Reagan no fue siempre republicano. Había votado cuatro veces por Franklin D. Roosevelt. Fue su experiencia como vocero de la General Electric la que lo empujó a la conclusión que sería el leit motiv de su acción política: ‘El verdadero enemigo no eran los grandes negocios sino el gran gobierno’.
Esa experiencia le permitió, además, desarrollar una habilidad que sería una de sus grandes armas como político, la capacidad de explicar temas complejos en un lenguaje sencillo, al alcance de todos los ciudadanos: ‘La recesión es cuando el vecino pierde su trabajo. La depresión es cuando pierdes el tuyo.
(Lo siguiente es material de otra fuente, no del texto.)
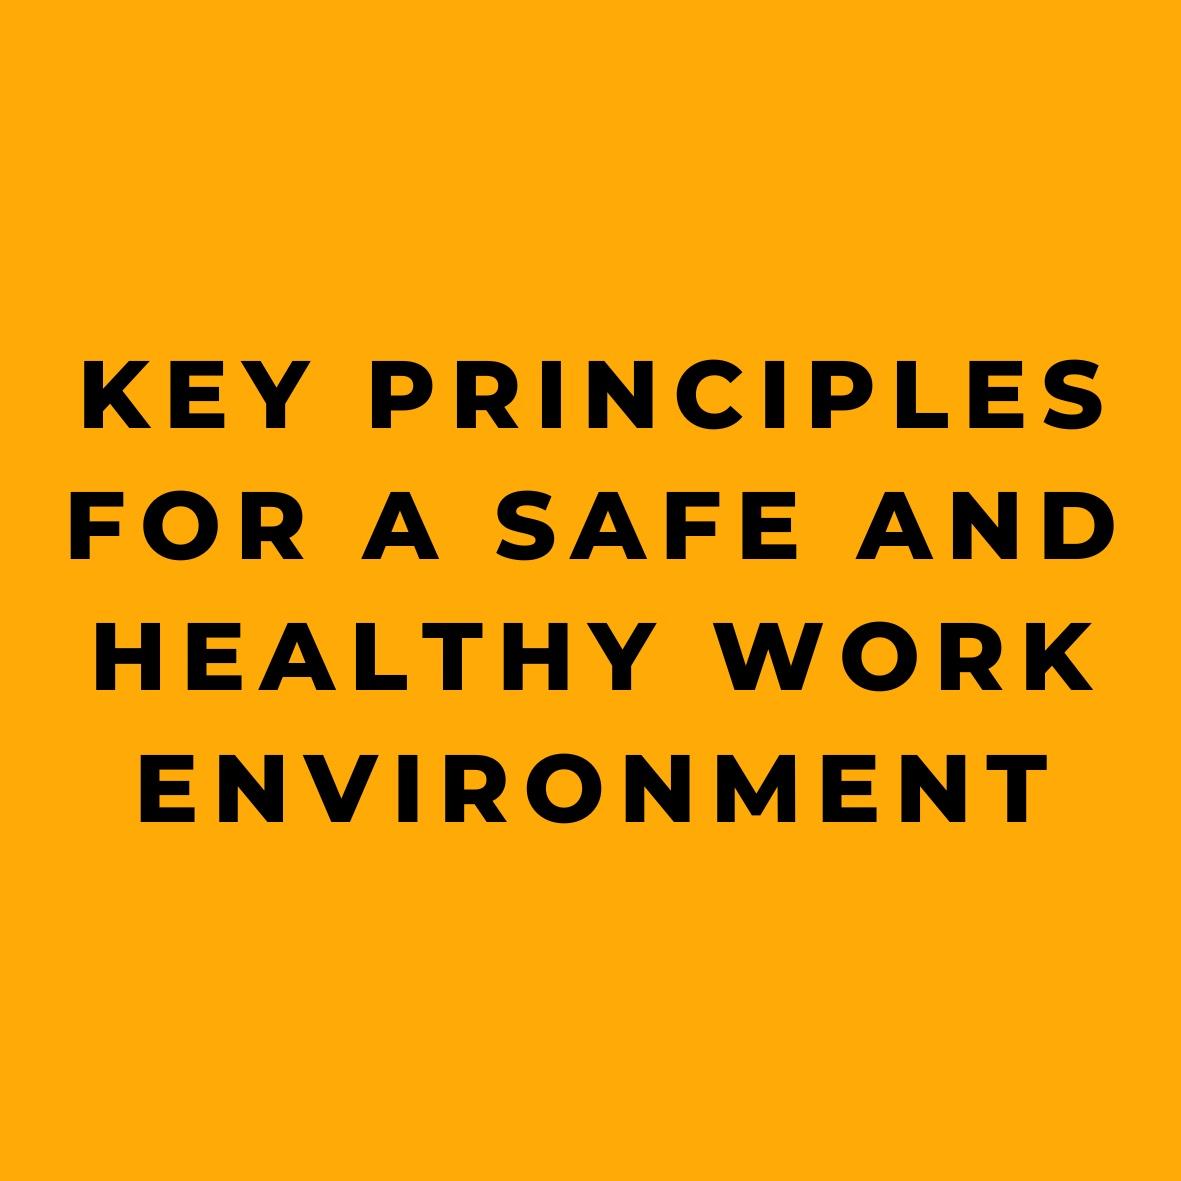 Key Principles for a Safe and Healthy Work Environment

Y la recuperación es cuando Jimmy Carter pierde el suyo’. Con esta frase de campaña liquidó a su oponente y se hizo de la presidencia con relativa facilidad.
Además de carisma, Reagan tuvo el mayor poderío militar y económico para cumplir con uno de sus anhelos, derrotar a la Unión Soviética, a la que calificaría en aquel histórico discurso en la Puerta de Brandemburgo como ‘el imperio del mal’.
La alianza con la señora Thatcher, que estaba mejor equipada intelectualmente, dio un impulso a las ideas liberales y conservadoras e iniciaron un ciclo de expansión económica que duraría hasta la crisis bursátil de 2008. En América Latina, los efectos de esas políticas se conocieron como el Consenso de Washington.
Hoy que los gobernantes confunden la política con la administración, deberían recordar a Reagan, un actor de clase b, movilizó a una nación que se encontraba profundamente desorientada sobre su papel en el mundo, armado de unas pocas ideas y de una profunda convicción en el poder de la libertad, además de un talento sin igual para comunicarse con un agudo sentido del humor.